> [ASSIGNMENT] Although the records contain pictures, none belong in the copy: restate word for word only the lines from the one with "textura de patrón" through the one with "In der Vitrine", both included.

━━━ GIVEN RECORDS ━━━

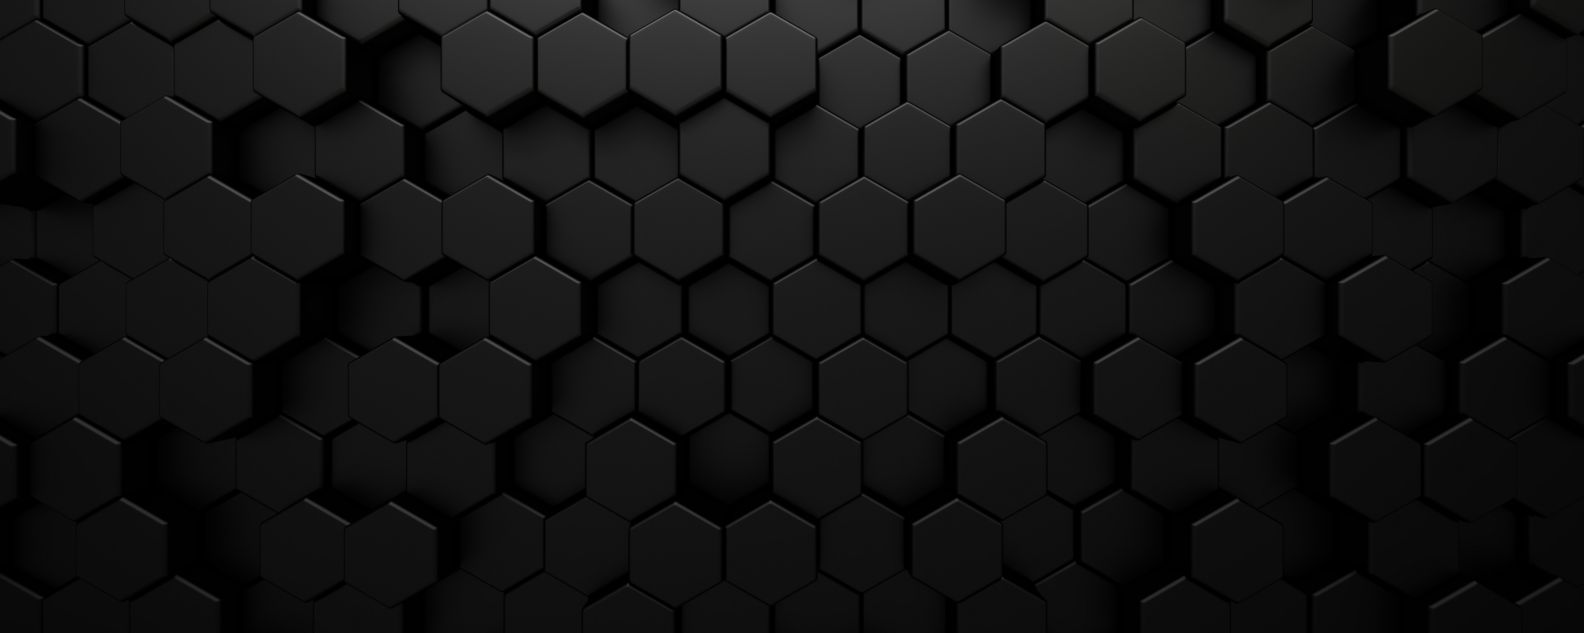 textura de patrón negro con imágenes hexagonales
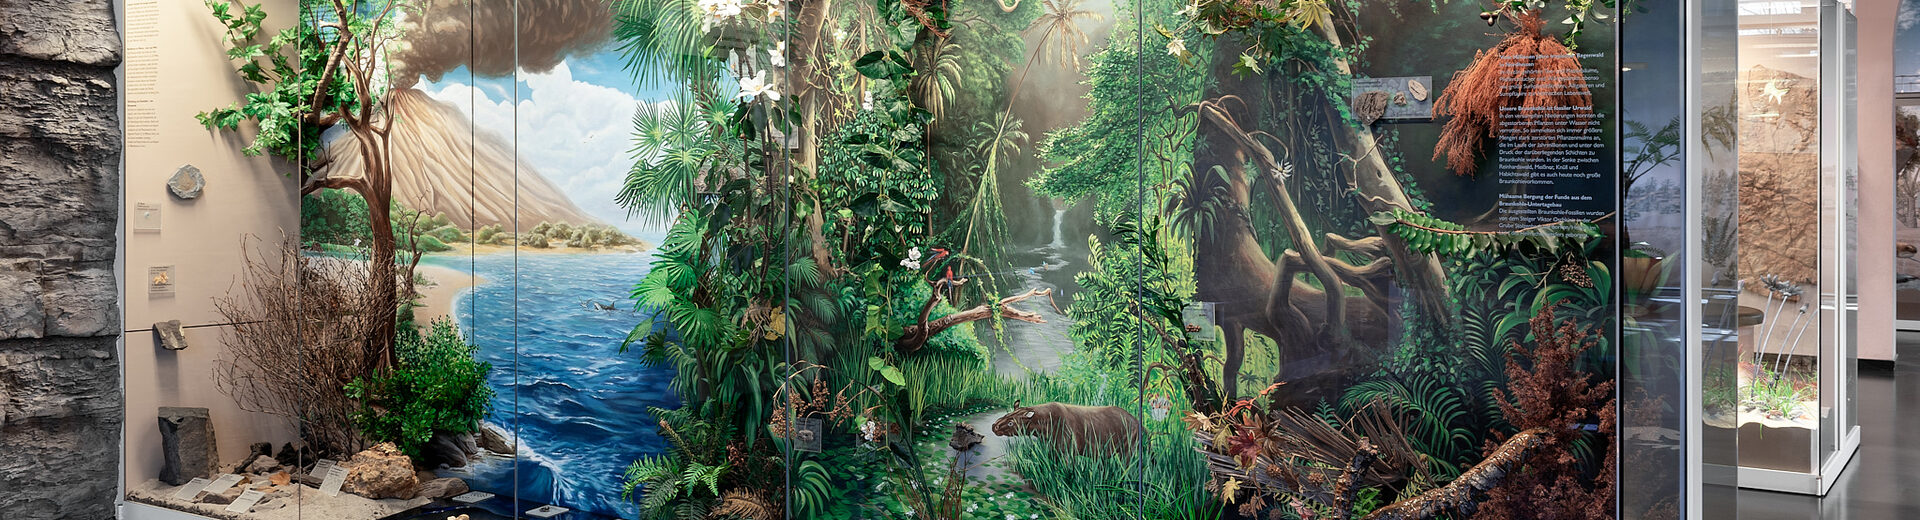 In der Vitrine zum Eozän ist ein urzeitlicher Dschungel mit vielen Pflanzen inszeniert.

━━━
━━━ GIVEN RECORDS ━━━

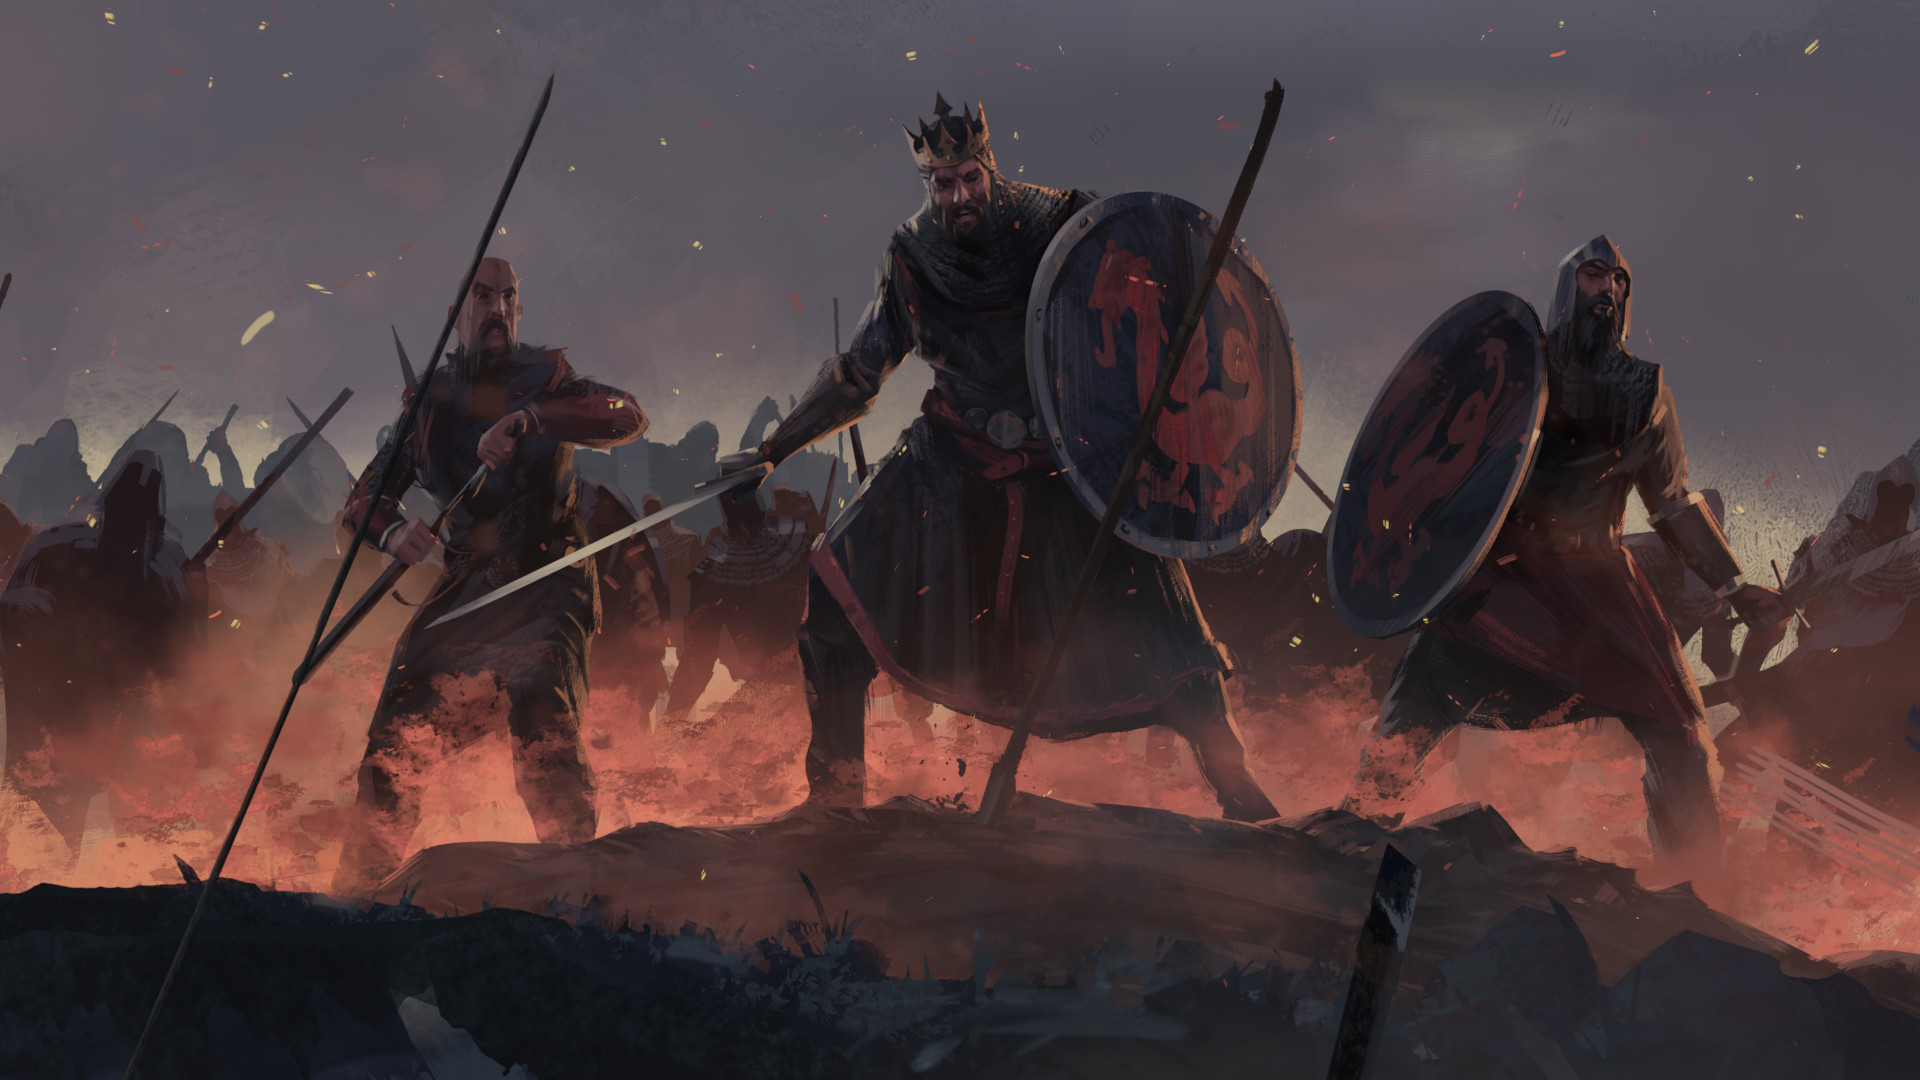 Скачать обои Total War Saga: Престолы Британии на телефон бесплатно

━━━
━━━ GIVEN RECORDS ━━━

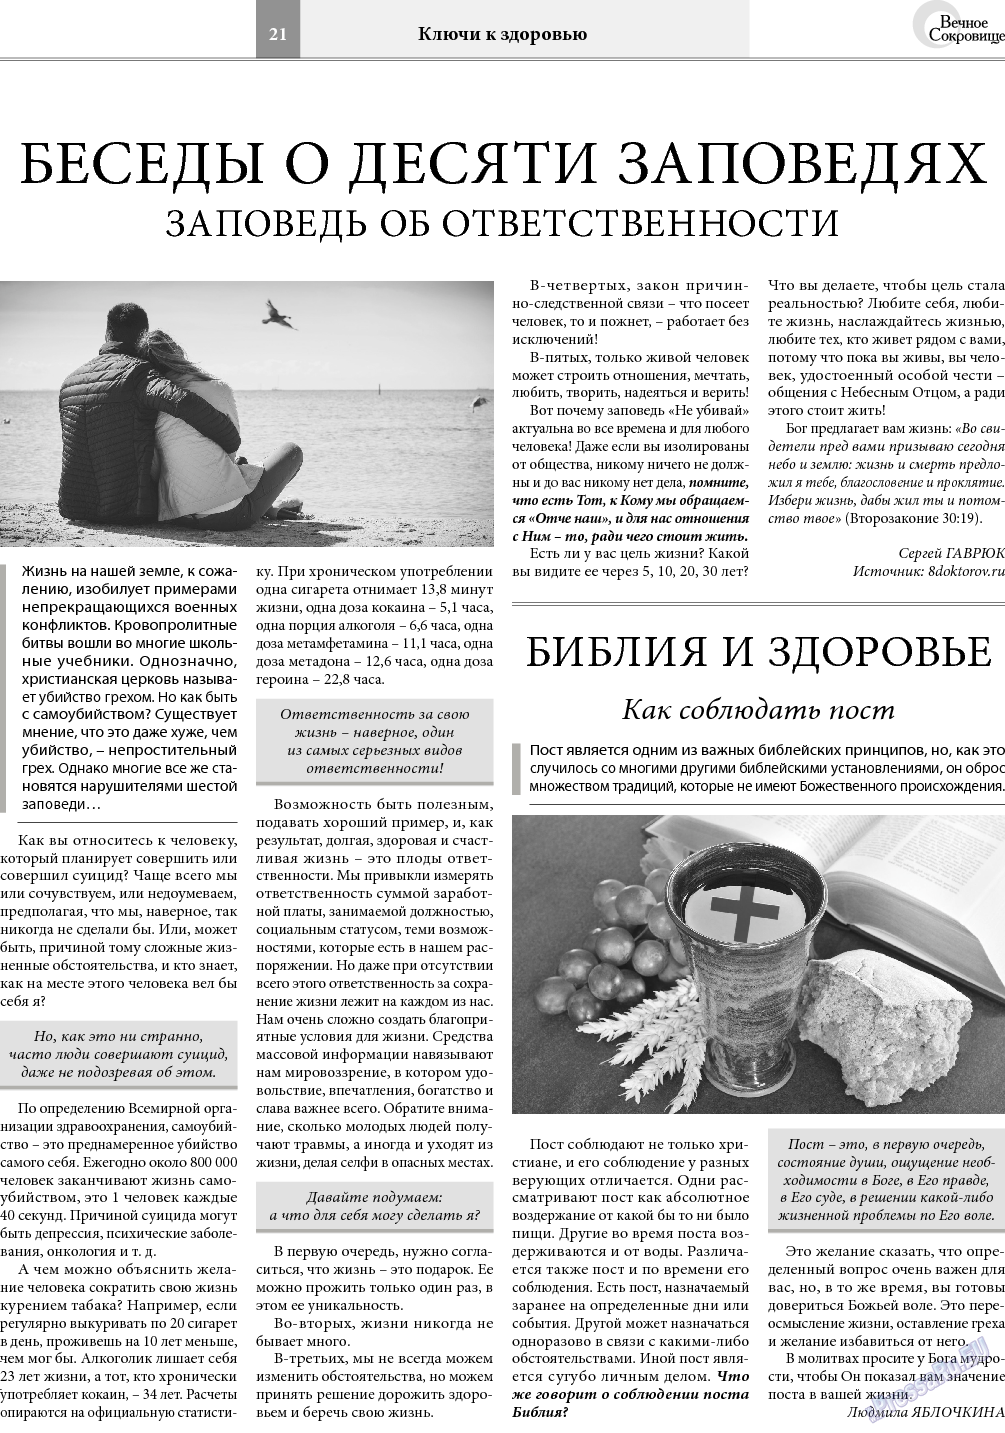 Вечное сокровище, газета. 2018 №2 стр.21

━━━

> [OUTPUT OF THE EXERCISE]
 textura de patrón negro con imágenes hexagonales
 In der Vitrine zum Eozän ist ein urzeitlicher Dschungel mit vielen Pflanzen inszeniert.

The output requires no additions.